Each camera includes a set of device information parameters. These parameters provide some basic information about the camera. The device information parameters include:

DeviceVendorName (read only) - contains the camera vendor’s name.

DeviceModelName (read only) - contains the model name of the camera.

DeviceManufacturerInfo (read only) - can contain some information about the camera manufacturer. This string is usually empty.

DeviceVersion (read only) - contains the device version number for the camera.

DeviceFirmwareVersion (read only) - contains the version of the firmware in the camera.

DeviceSerialNumber (read only) - contains the serial number of the camera.

DeviceUserID (read / write) - is used to assign a user-defined name to a device. The name will be visible in the "friendly name" field of the device information objects returned by pylon’s device enumeration procedure.

DeviceScanType (read only) - contains the scan type of the camera, for example, area scan.

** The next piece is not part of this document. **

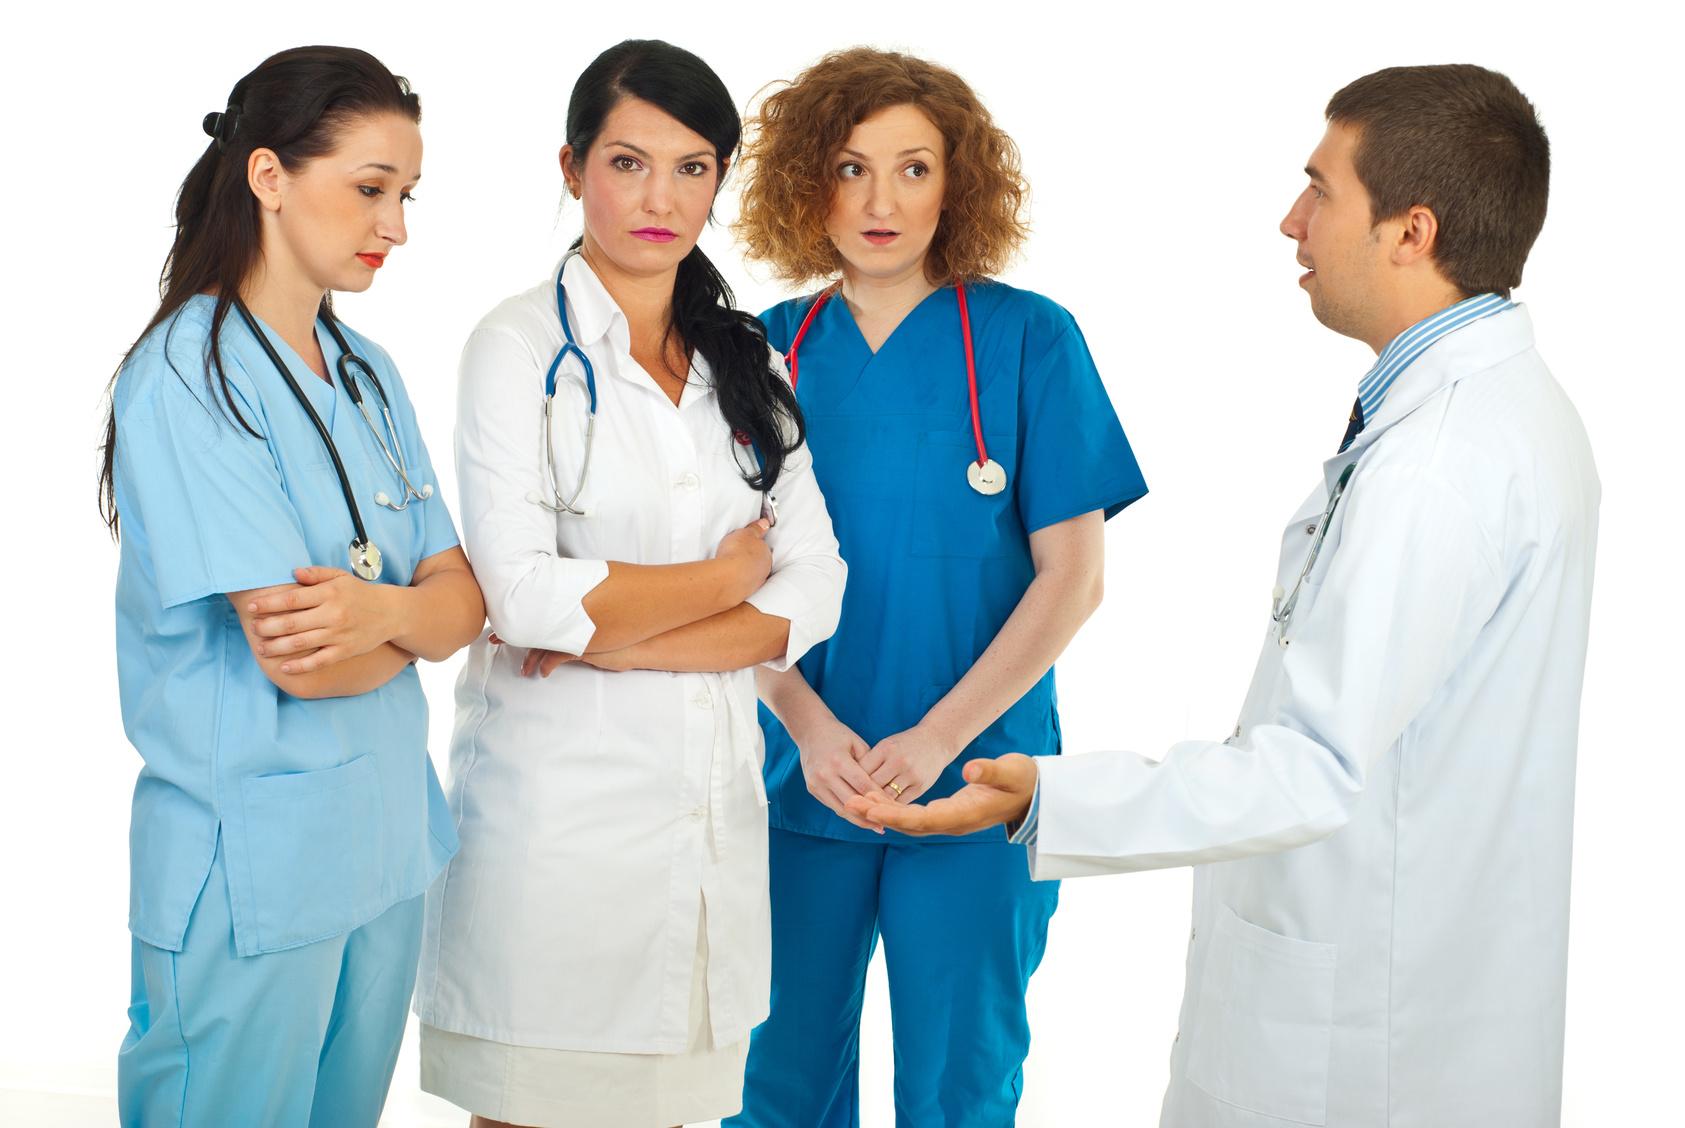 医師と看護師対立

SensorWidth (read only) - contains the physical width of the sensor in pixels.

SensorHeight (read only) - contains the physical height of the sensor in pixels.

MaxWidth (read only) - Indicates the camera’s maximum region of interest (ROI) width setting for the current OffsetX settings.

MaxHeight (read only) - Indicates the camera’s maximum region of interest (ROI) height setting for the current OffsetY settings.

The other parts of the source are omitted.